■ The task
Transcribe only the lines in the data below falling between the line with "ripe tomatoes in" and the line with "Beton væg - Tapet - Stue", including those two lines, and leave out any picture.

■ Extracted data
---+---

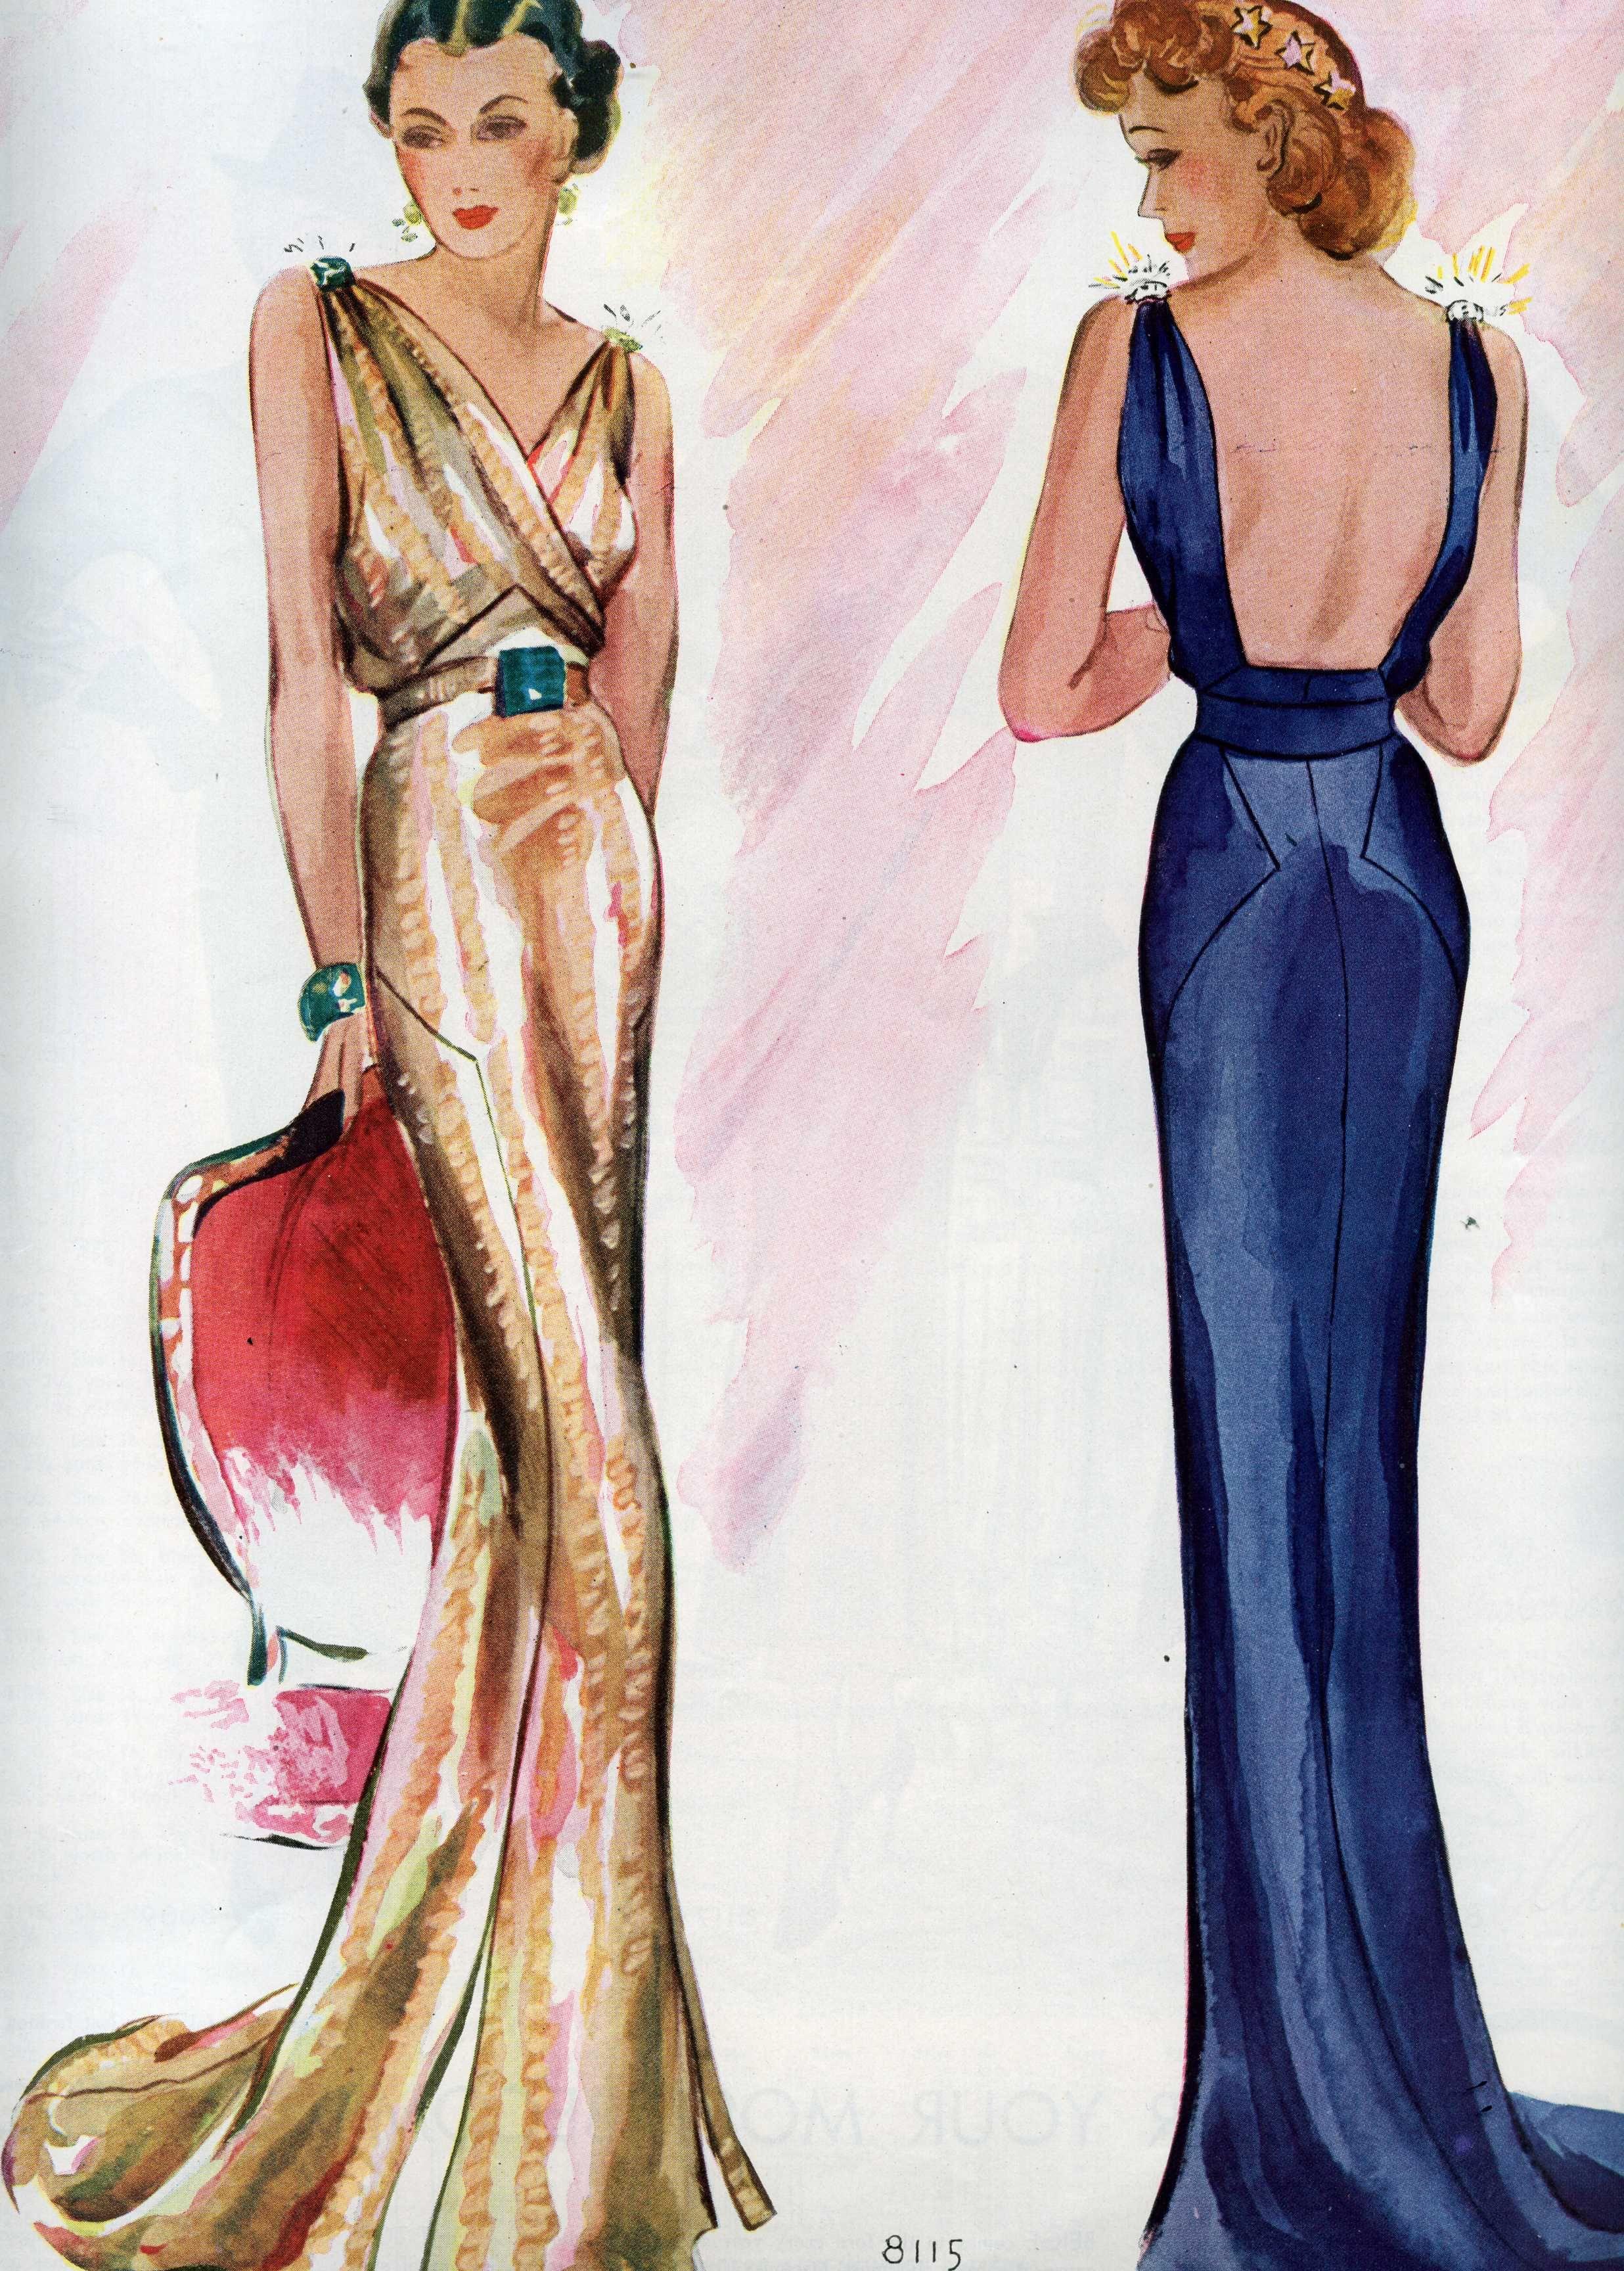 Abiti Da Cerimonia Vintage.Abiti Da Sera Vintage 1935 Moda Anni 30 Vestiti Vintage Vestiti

---+---

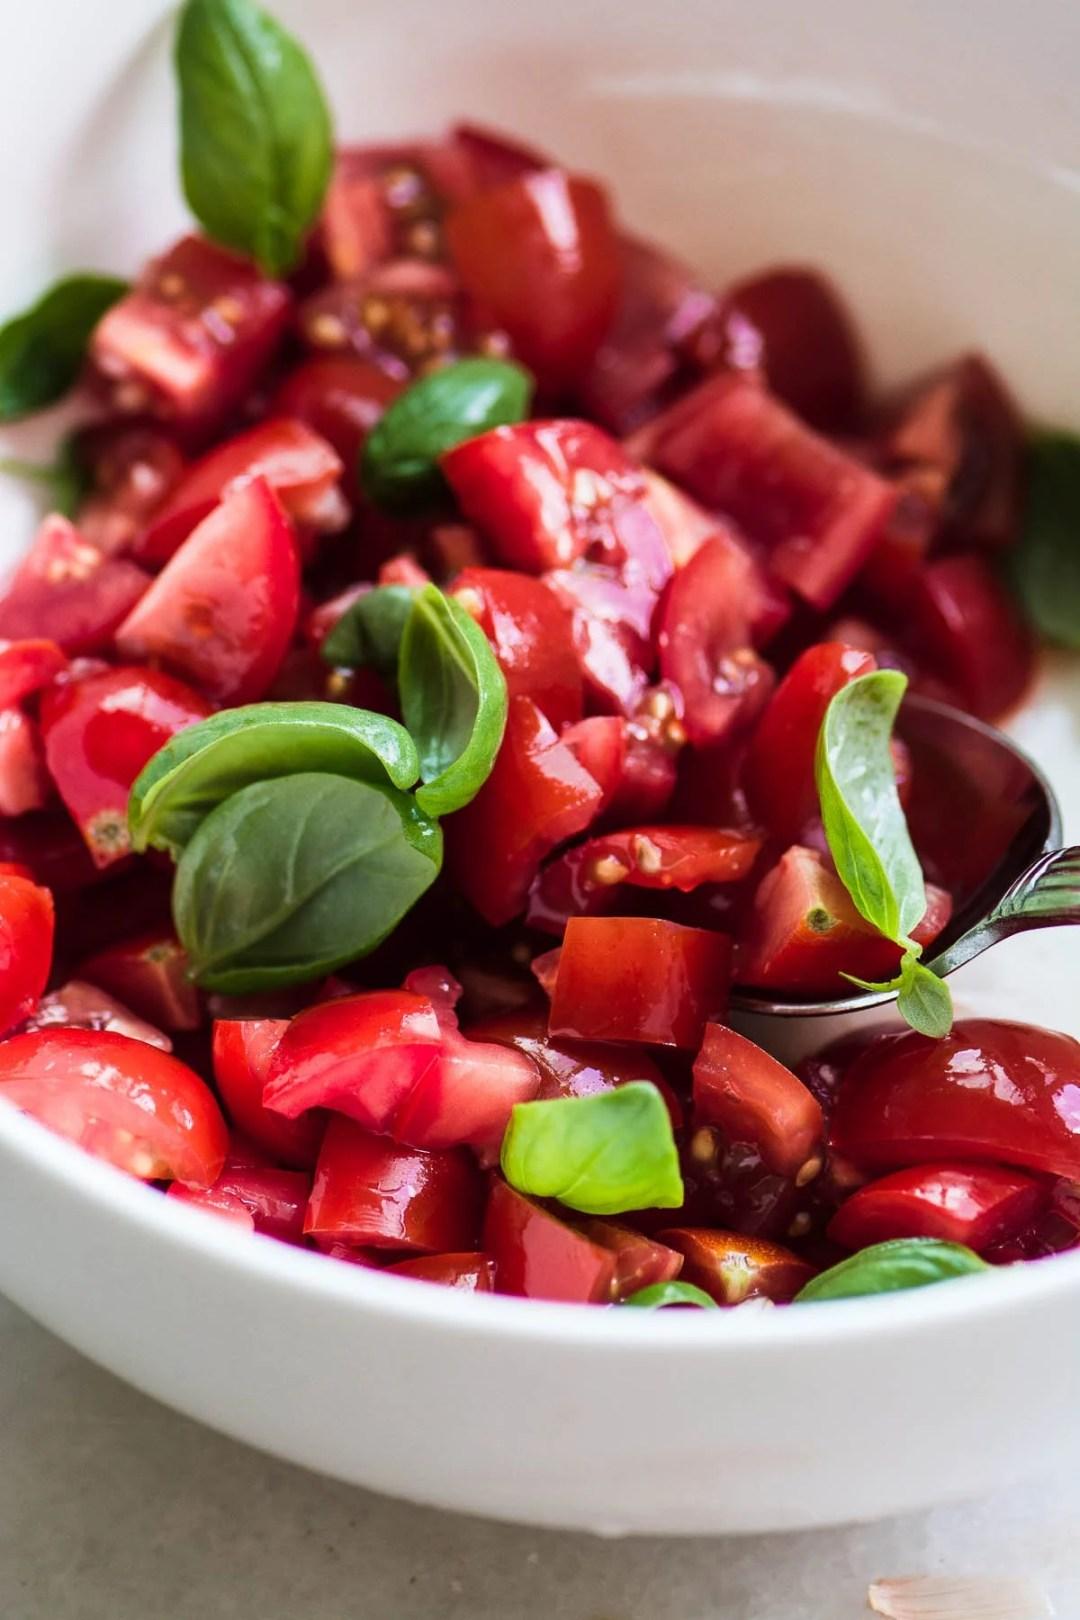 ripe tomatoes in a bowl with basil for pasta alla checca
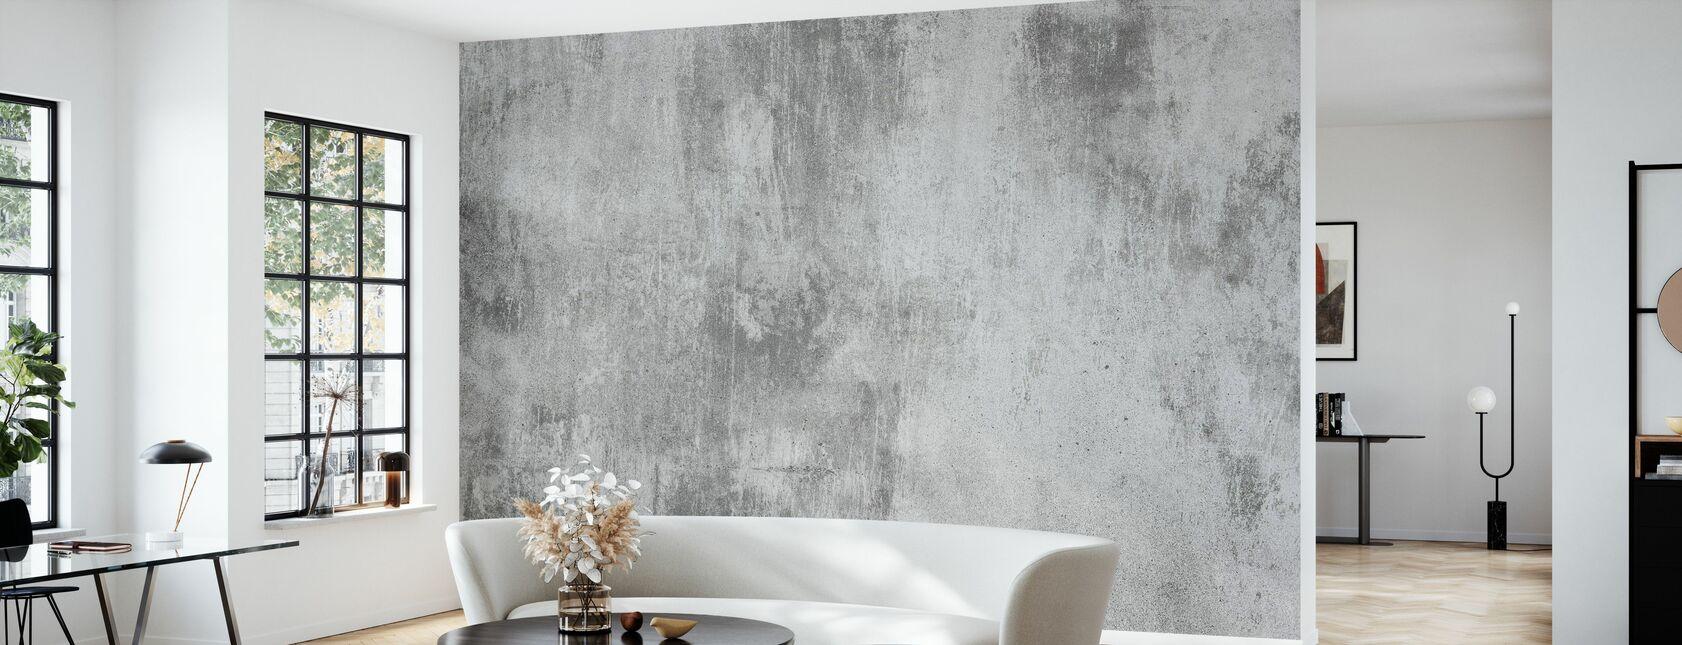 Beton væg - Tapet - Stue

---+---

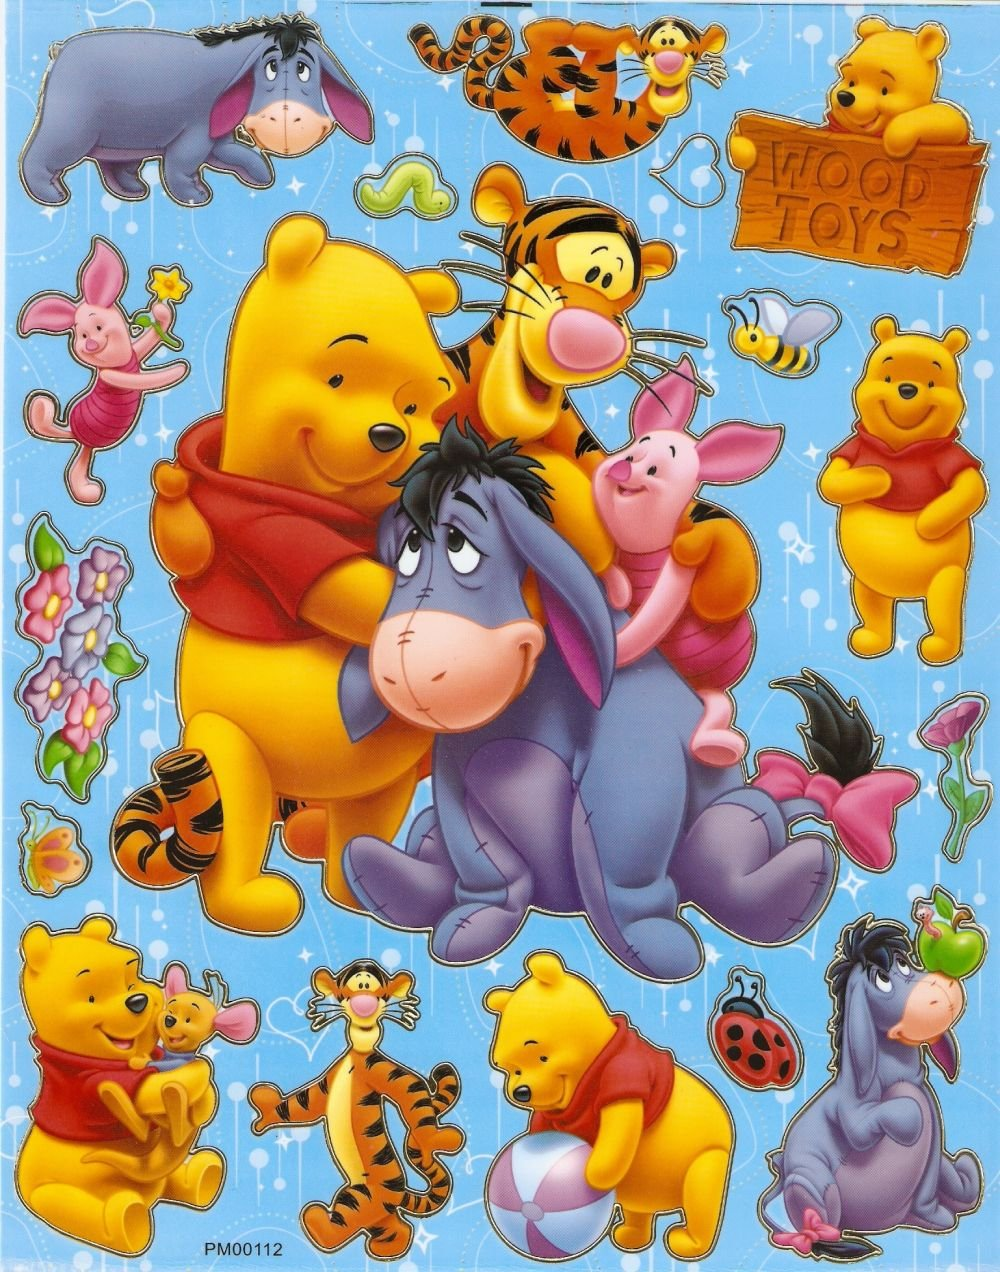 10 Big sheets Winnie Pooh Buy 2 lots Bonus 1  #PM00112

---+---

■ The completed task
 ripe tomatoes in a bowl with basil for pasta alla checca
 Beton væg - Tapet - Stue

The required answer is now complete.